Aux termes de ses dernières conclusions régulièrement notifiées le 22 novembre 2022 par voie électronique, la SAS banque BCP demande au tribunal de :
Débouter la SCI BARRIO ALTO, Monsieur [T] [N] [Y] et Madame [G] [N] [Y] de l’intégralité de leurs demandes,Condamner in solidum la SCI BARRIO ALTO, Monsieur [T] [N] [Y] et Madame [G] [N] [Y] à payer à la banque BCP une somme de 3 500 euros au titre des dispositions de l’article 700 du Code de procédure civile, Condamner in solidum la SCI BARRIO ALTO, Monsieur [T] [N] [Y] et Madame [G] [N] [Y] aux entiers dépens, Juger que l’exécution provisoire n’est pas compatible avec la nature de l’affaire et en conséquence, l’écarter. En défense, la SAS Banque BCP fait valoir :
qu’elle n’a commis aucune faute dans l’exécution de son contrat. Elle souligne que l’argumentaire de la SCI BARRIO ALTO et des époux [N] [Y] ne repose que sur le seul courriel du 27 juillet 2019. Elle fait observer que le refus final d’accorder un prêt bancaire pour un montant total de 380 000€ est subordonné au fait que la SCI BARRIO ALTO n’a pas produit tous les documents indispensables pour l’obtention d’un prêt. Elle soutient que le courriel interne qui leur a été adressé ne contenait aucune offre de prêt (montant, durée, taux d’intérêts, garanties...). Elle expose qu’il ne s’agissait que d’un accord de principe du service central de la banque sous réserve “d’avoir une visibilité sur le projet global”. Elle rappelle que rien ne s’oppose à ce qu’une banque émette un accord de principe avec réserves en demandant notamment des éléments complémentaires. Elle fait observer que les pièces versées aux débats permettent d’établir les réserves émises. En effet, elle indique que plusieurs courriels provenant des services internes mettent en exergue des questionnements sur les moyens financiers du client pour effectuer les travaux de construction. La SAS Banque BCP fait valoir que la SCI n’a pas communiqué les devis modifiés comme exigé. Elle ajoute que la SCI BARRIO ALTO n’a pas justifié auprès d’elle les éléments nécessaires pour avoir une visibilité sur le projet global. C’est pourquoi, l’organisme bancaire a émis en définitive un avis défavorable le 28 août 2019 faute de dossier complet du projet de la SCI BARRIO ALTO. En réponse aux conclusions de la SCI BARRIO ALTO, la SAS Banque BCP soutient que l’assurance est souscrite systématiquement avant de conclure un contrat de prêt immobilier puisqu’il est nécessaire d’avoir la preuve du contrat d’assurance avant d’émettre une offre. Toutefois, elle fait observer que si la banque refuse d’octroyer le prêt, elle émet une attestation de refus qui peut être présentée à l’assurance aux fins de remboursement des sommes déjà versées.

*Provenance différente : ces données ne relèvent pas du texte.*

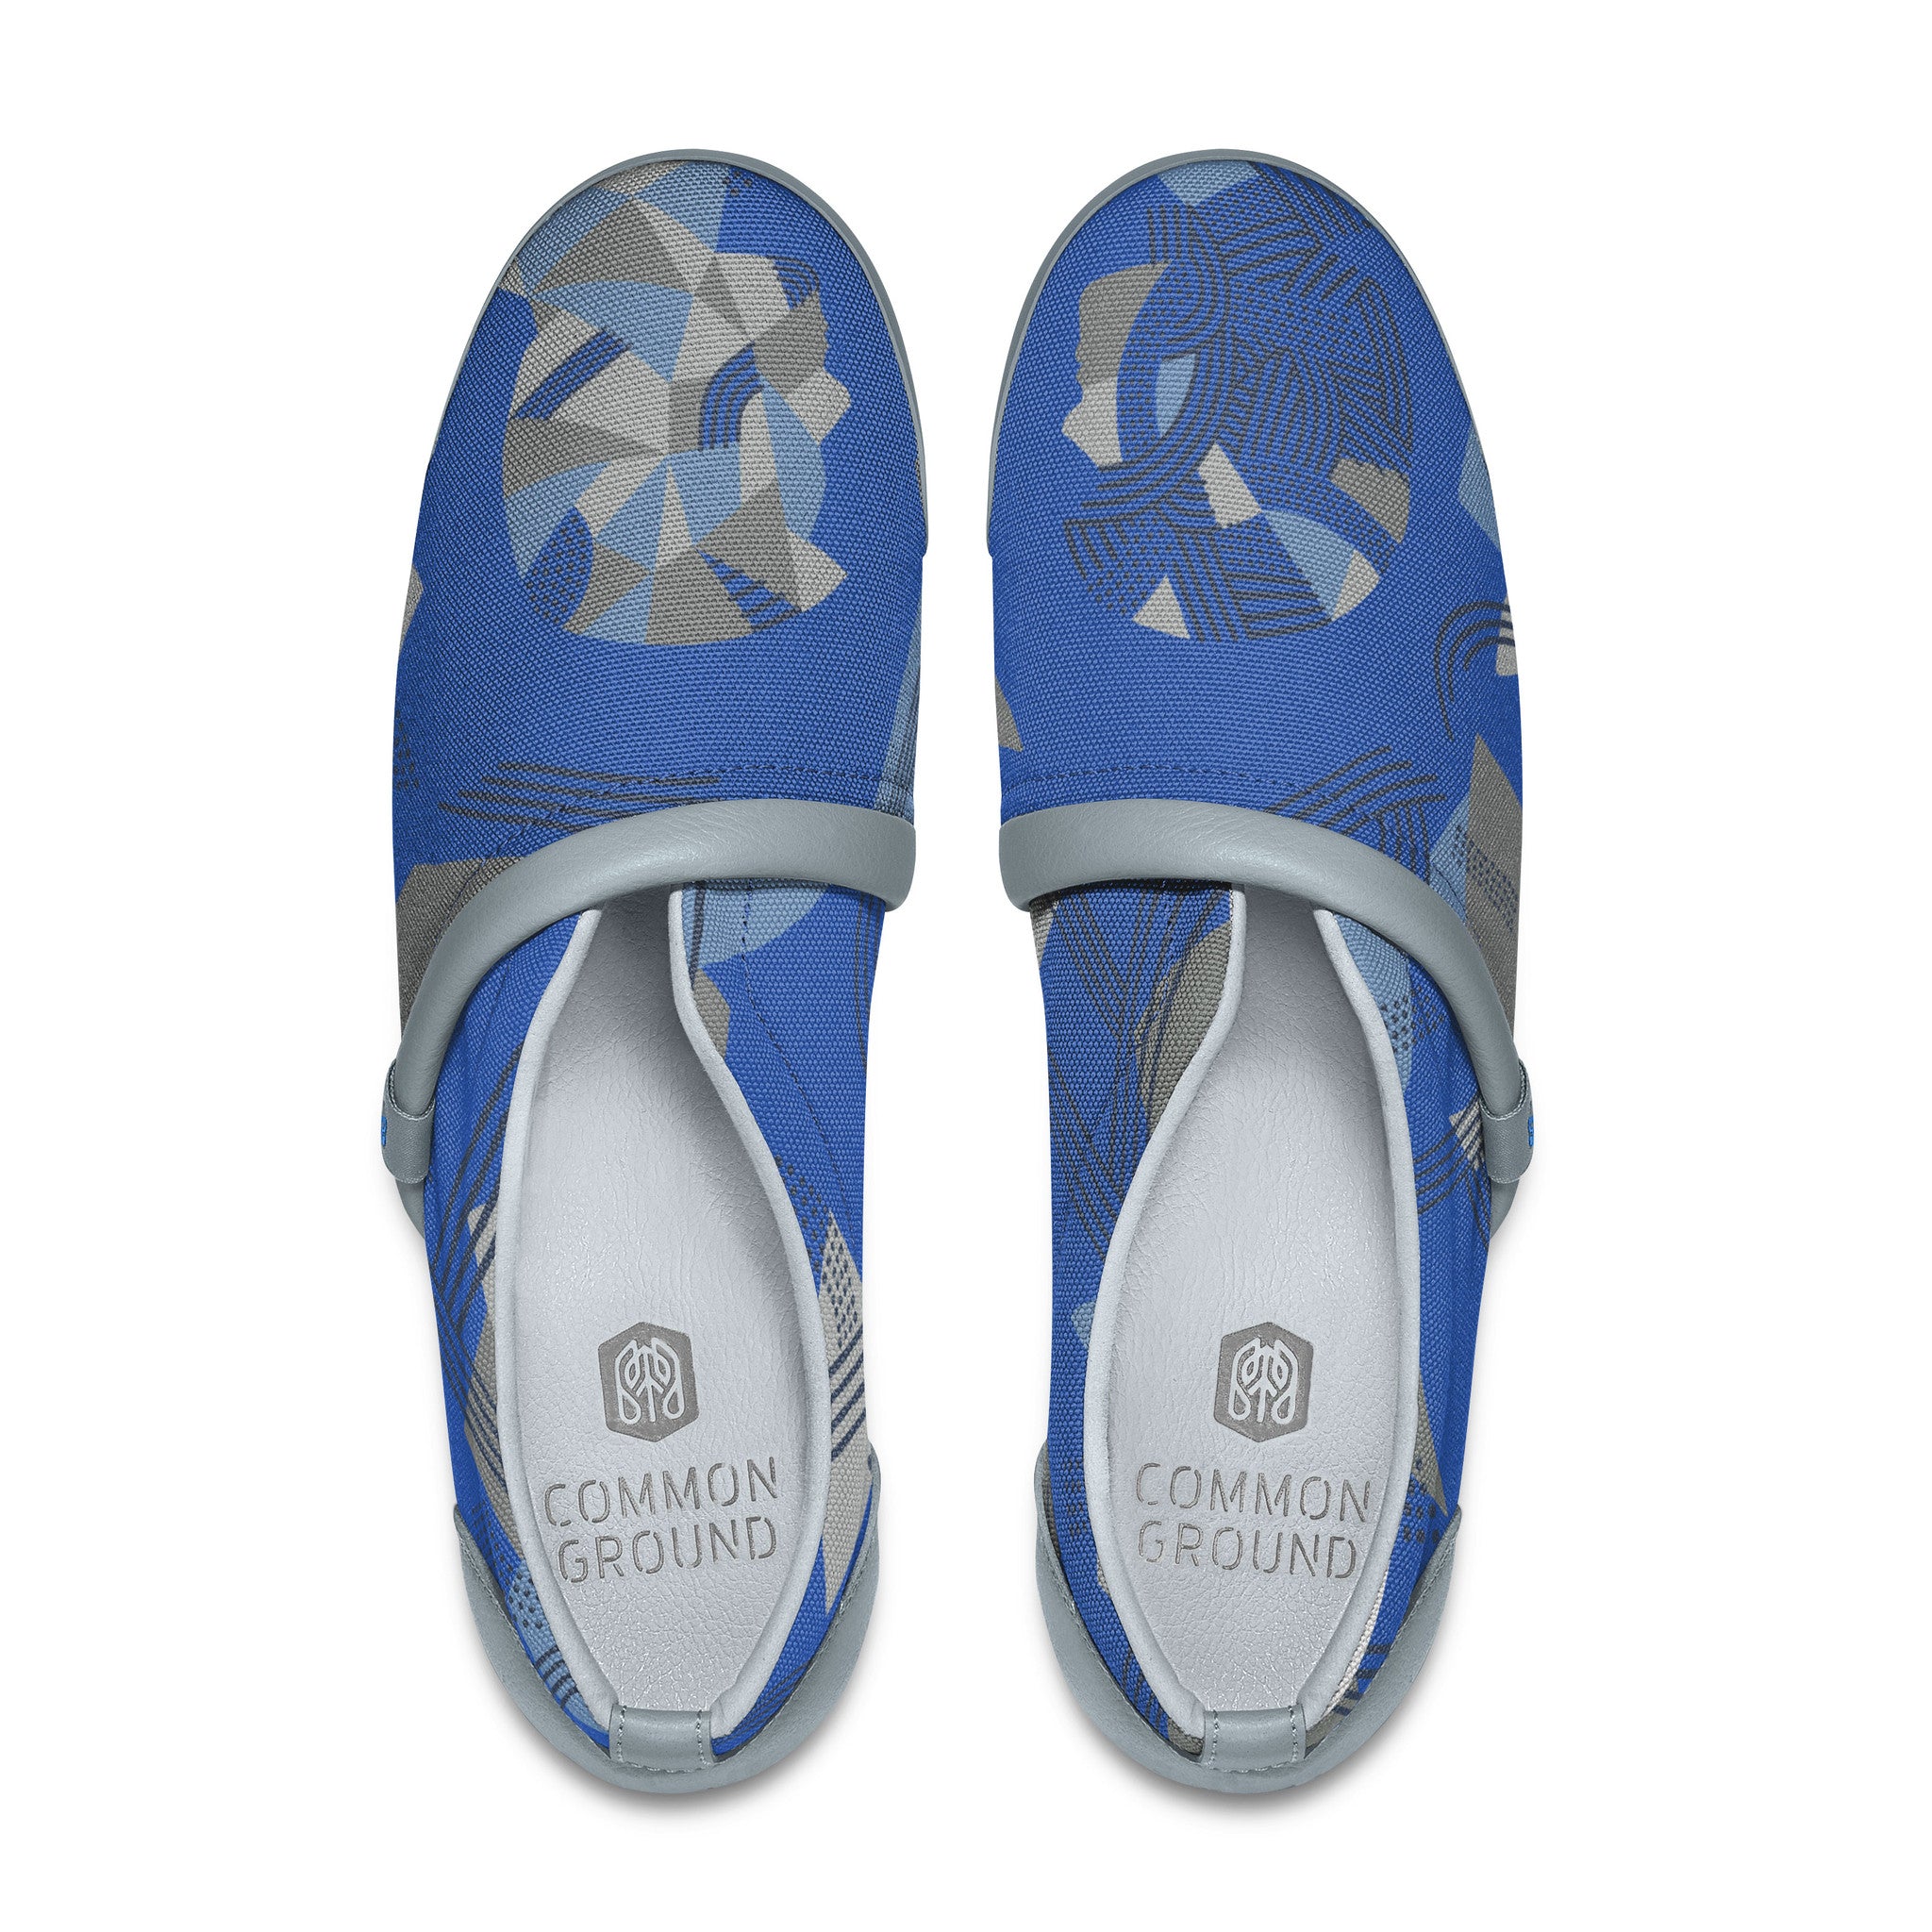 Strong_Blue - Common Ground Footwear Shoes Top View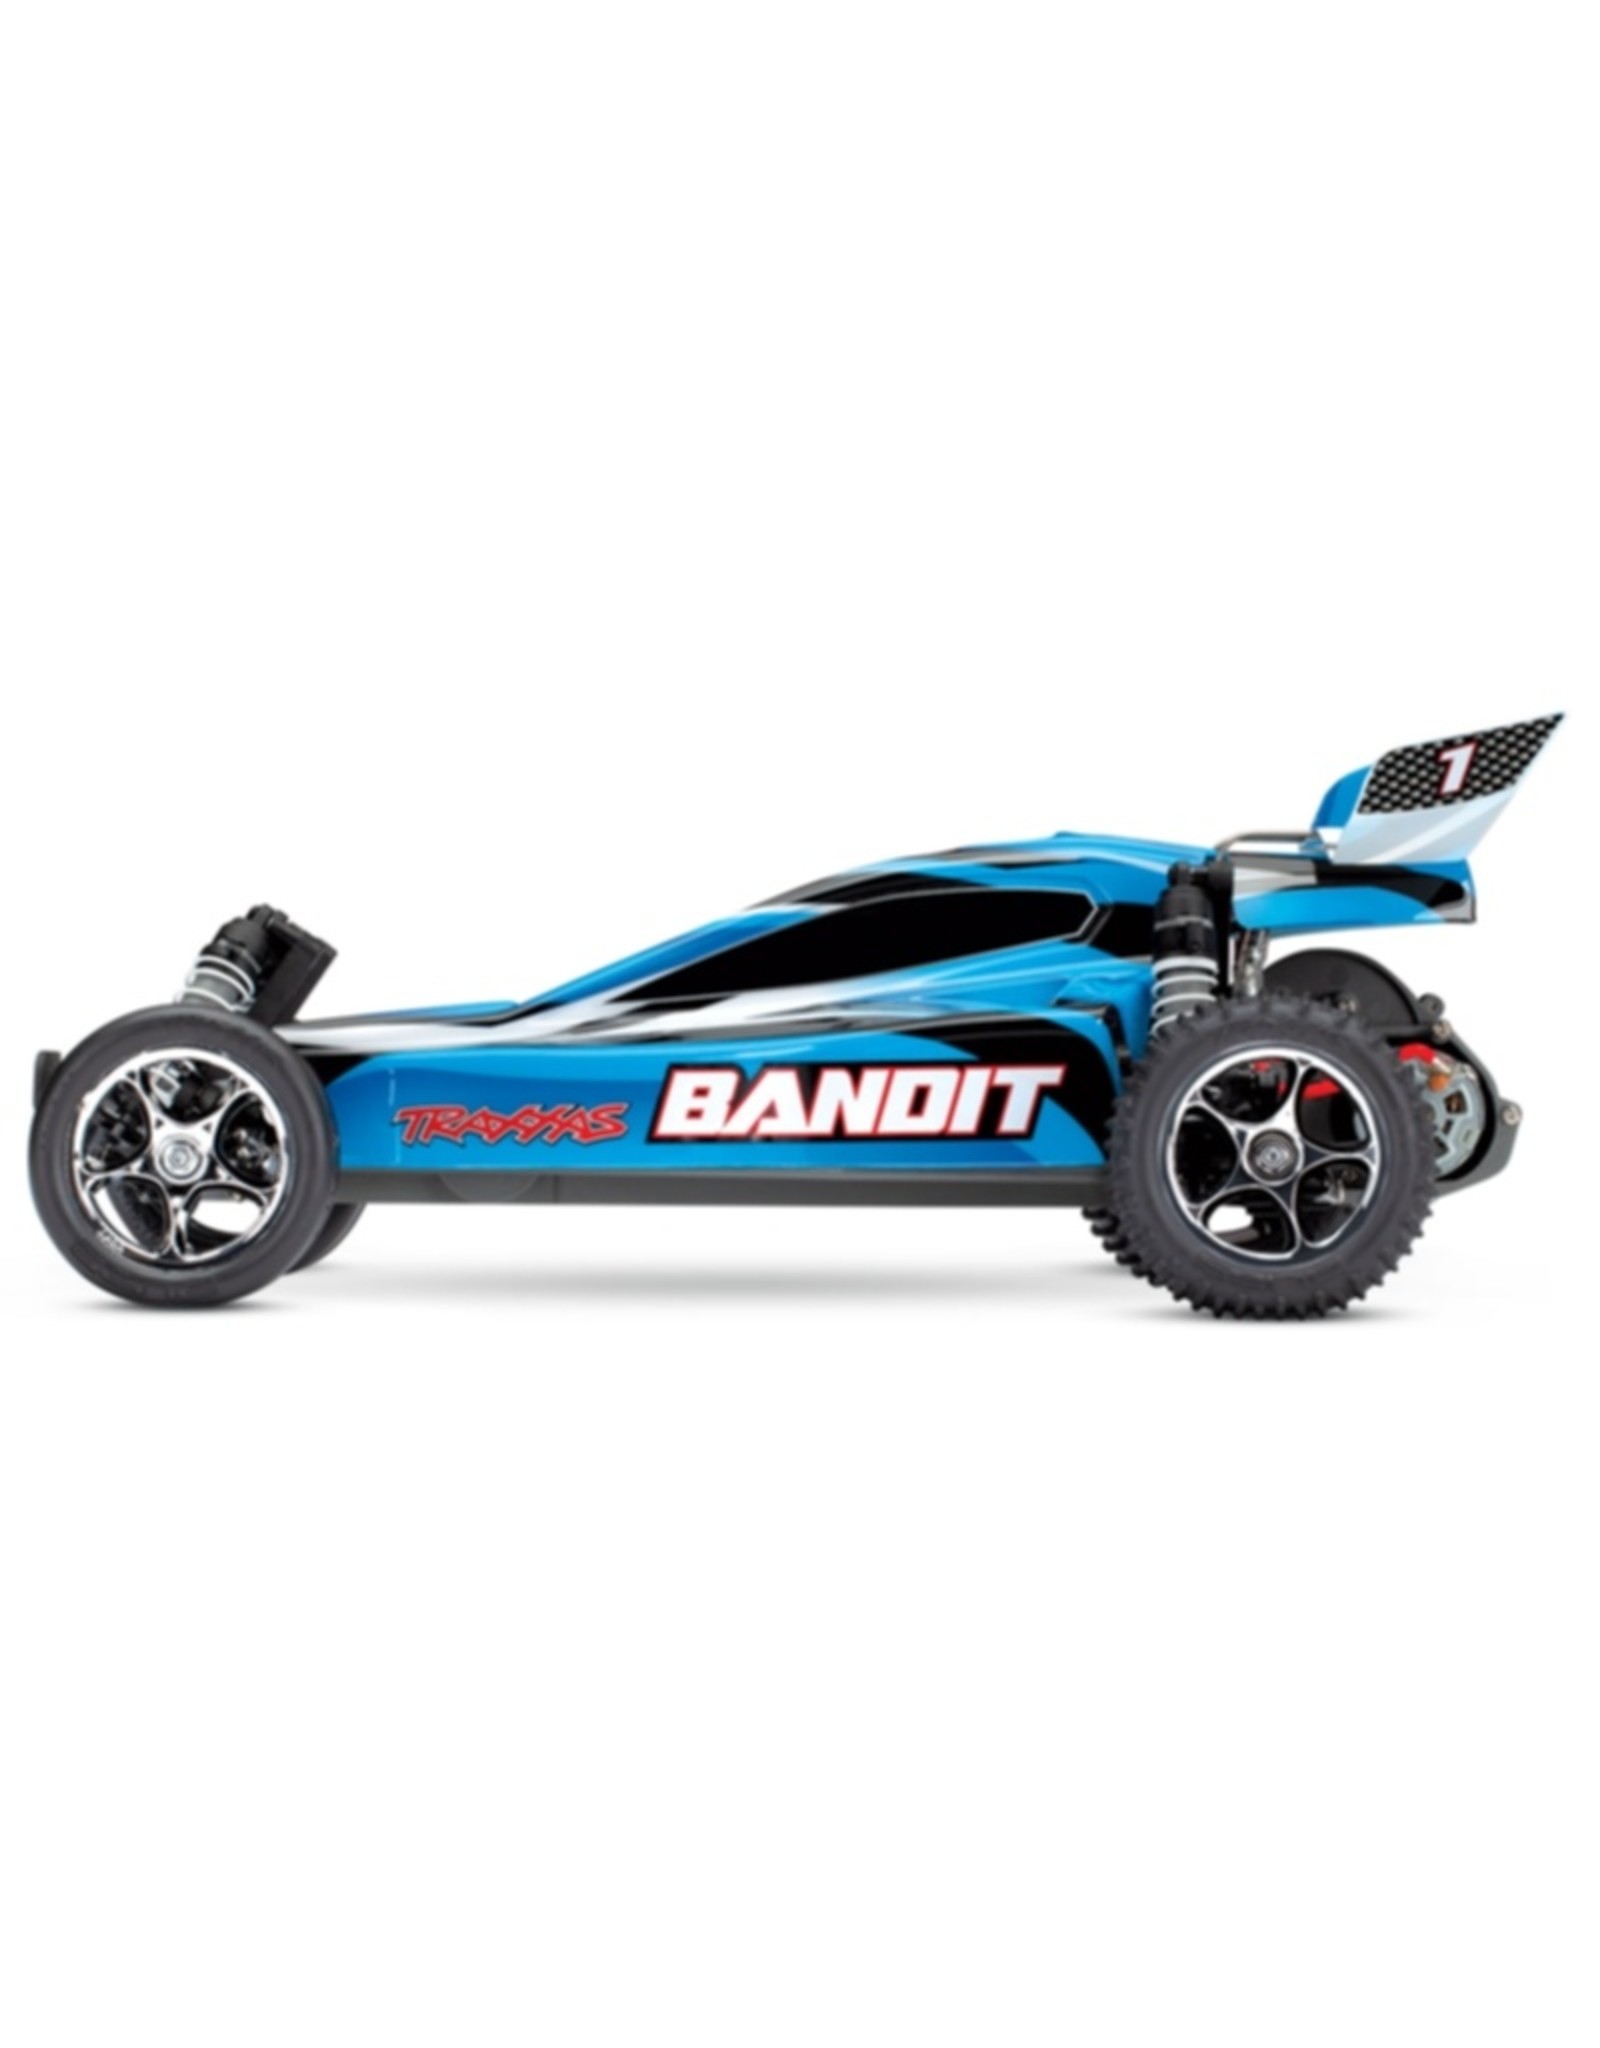 Traxxas TRA24054-4 Blue Bandit : 1/10 Scale Off-Road Buggy with TQ 2.4GHz radio system

Elle précise également qu’à l’instar de l’assurance, l’émission d’un cautionnement n’oblige pas la banque à accorder un prêt.
Par conséquent, elle conclut avoir exécuté ses obligations de bonne foi, si bien qu’aucun manquement à ses engagements contractuels ne peut lui être reproché, et qu’en toute hypothèse il n’en résulte aucun préjudice pour les demandeurs.

qu’en outre, les demandeurs ne démontrent pas le lien de causalité avec le préjudice subi. En effet, elle expose que les deux promesses de vente versées aux débats ont été signées par les époux [N] [Y] en date du 23 octobre 2018 sous la condition suspensive de l’obtention d’un prêt devant être réalisée au plus tard à la date du 30 novembre 2018. Elle soutient ainsi que les consorts [N] [Y] n’ont pas sollicité de prêts bancaires mais c’est la SCI BARRIO ALTO à la date du 2 février 2019, soit plus deux mois après la date de réalisation de la condition suspensive. Elle fait également observer que la SCI BARRIO ALTO n’a pas signé de compromis de vente.En réponse aux conclusions de la SCI BARRIO ALTO, la SAS banque BCP soutient que si les époux [N] [Y] évoquent qu’ils ont sollicité un financement auprès du crédit mutuel Barrière du Médoc, il s’avère qu’à la lecture des pièces, ce sont eux qui ont effectué la demande et non la SCI BARRIO ALTO. Elle fait observer que cette dernière ne justifie pas avoir sollicité de prêts auprès d’autres banques donc les demandeurs sont seuls responsables du préjudice subi.
Elle en déduit que la non obtention des prêts résulte directement de la passivité de Monsieur et Madame [N] [Y] qui ne justifient pas avoir sollicité dans les délais impartis des financements auprès d’autres banques pour concrétiser leur projet immobilier.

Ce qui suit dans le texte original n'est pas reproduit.